Right behind him was Althea, looking especially dowdy today in a checked cardigan, corduroy A-line that reached mid calf and low heeled loafers. Her eyes never strayed higher than knee level as she stood meekly beside her employer.
“I can’t tell you how eager we all are to get this whole unpleasantness cleared up,” Chesterton continued. “We’re sparing no expense on Richard’s account.”
Althea nodded beside him like a bobble head.
“Thank you,” I said. “I feel better knowing someone’s on Richard’s side. I was kind of worried that the police aren’t looking at any other suspects now.”
Mr. Chesterton tilted his head. “Other suspects?”
“Well, if Richard didn’t do it, someone else had to,” I reasoned.
Mr. Chesterton gave me a blank look. Like the thought of Richard’s innocence hadn’t even occurred to him. Or, perhaps closer to the mark, just didn’t interest him. Dewy, Cheatum and Howe, like most attorneys outside of a television sound stage, had no time for such trivial matters as guilt and innocence. It was all about probable cause, technicalities, loopholes, and very large retainers.

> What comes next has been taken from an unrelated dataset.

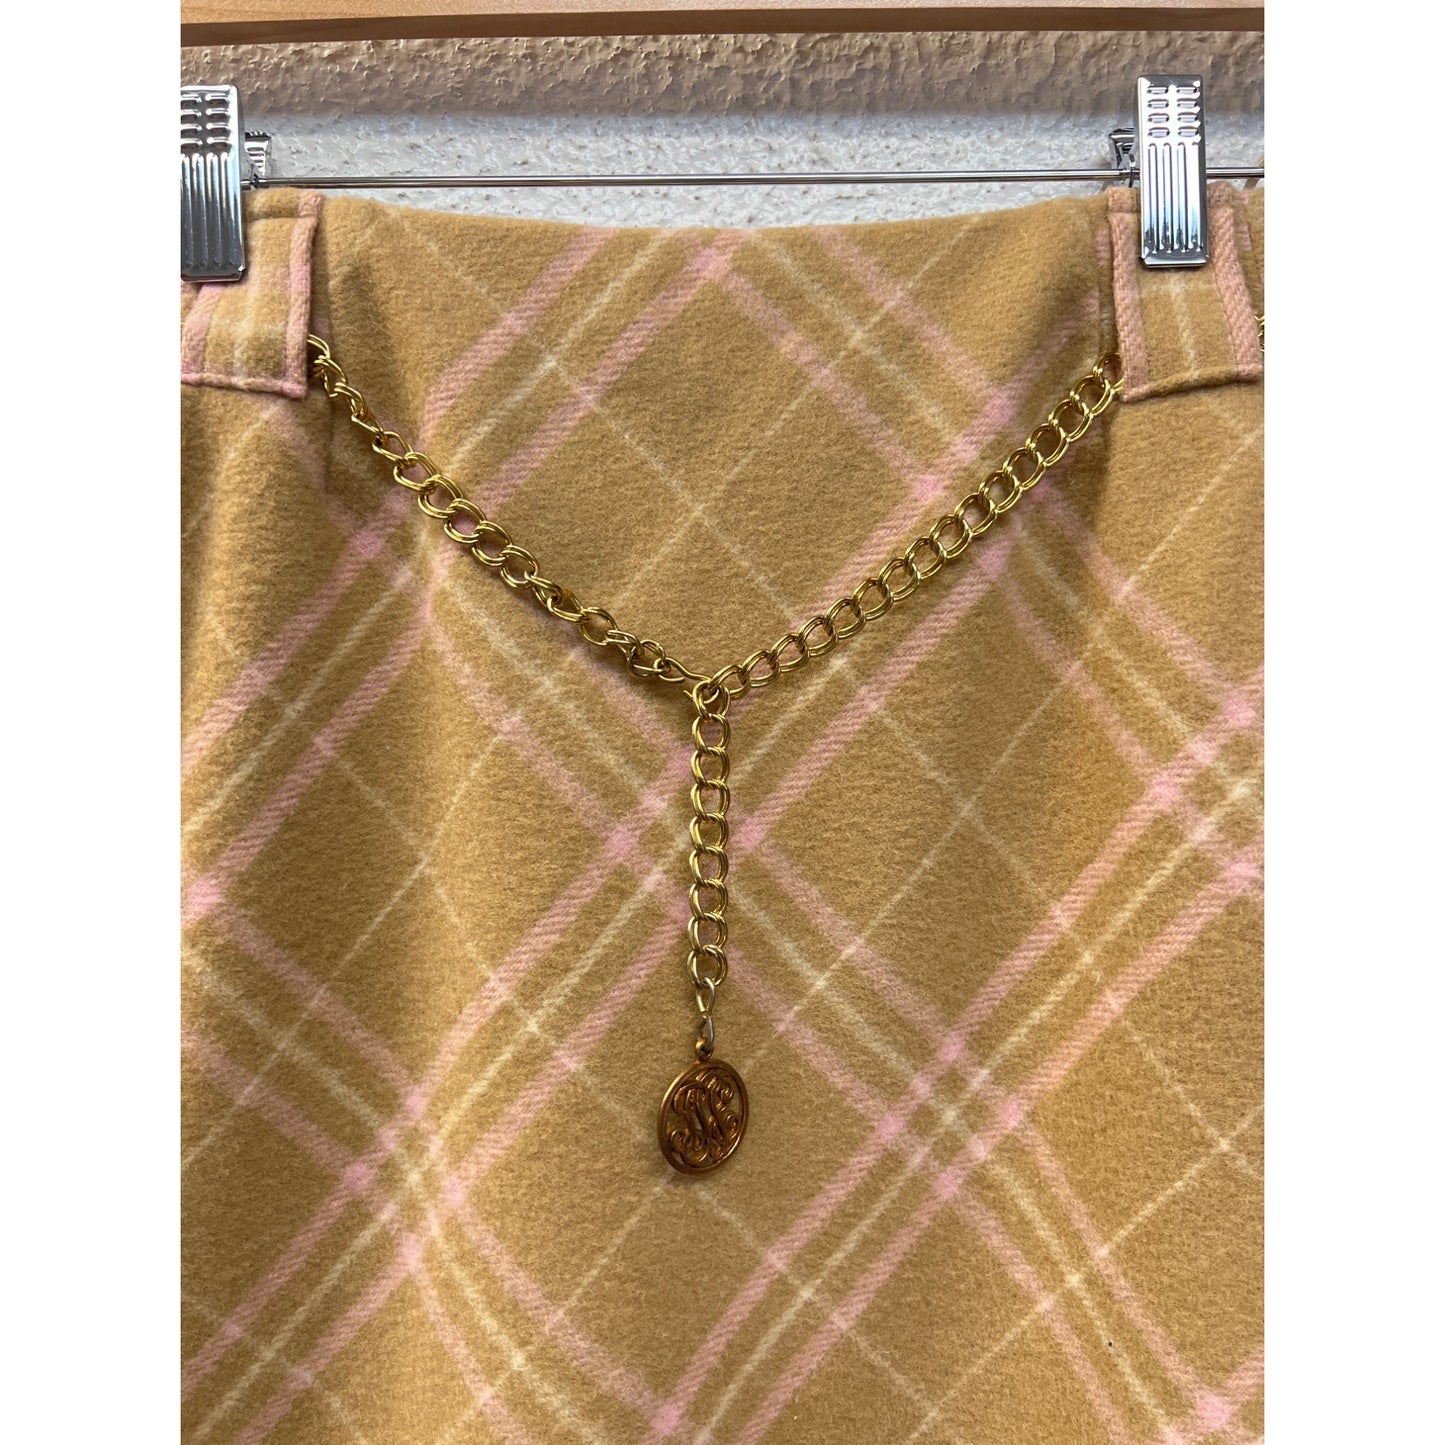 Bobbie Brooks Vintage 60's Tan & Pink Plaid Wool Skirt with Gold Chain Belt

Trying my best to appeal to Mr. Chesterton’s human side, (Some lawyers have those, right?) I quickly outlined my mistress theory. I admit, after the less than appreciative reception it had just gotten with Ramirez, I was a little reluctant, especially with Jasmine hanging on my every word, but at this point, I didn’t have much to lose. I was so not doing visitations at San Quentin.
Only when I finished, Mr. Chesterton’s blank face gave way to the kind of patient smile one wore with whiney children or small, disobedient dogs. “That’s all very… interesting. But I’ll tell you what, why don’t you just let me worry about how to get Richard out of this jam.”
It was that leave-it-to-the-big-boys speech again. I was really beginning to get tired of all these big boys screwing with my life.
“I want to help,” I insisted.
Mr. Chesterton put on a placating smile. “Well, honey, you know what you could do that would really help Richard the most?” he asked.
I bit my lip. “What?” So help me God, if he said go home and knit I was going to lose it.
“Be Richard’s moral support in all this. He needs someone in his corner. A cheerleader, if you will.”
I’m proud to say I didn’t laugh out loud. Not even a little snicker.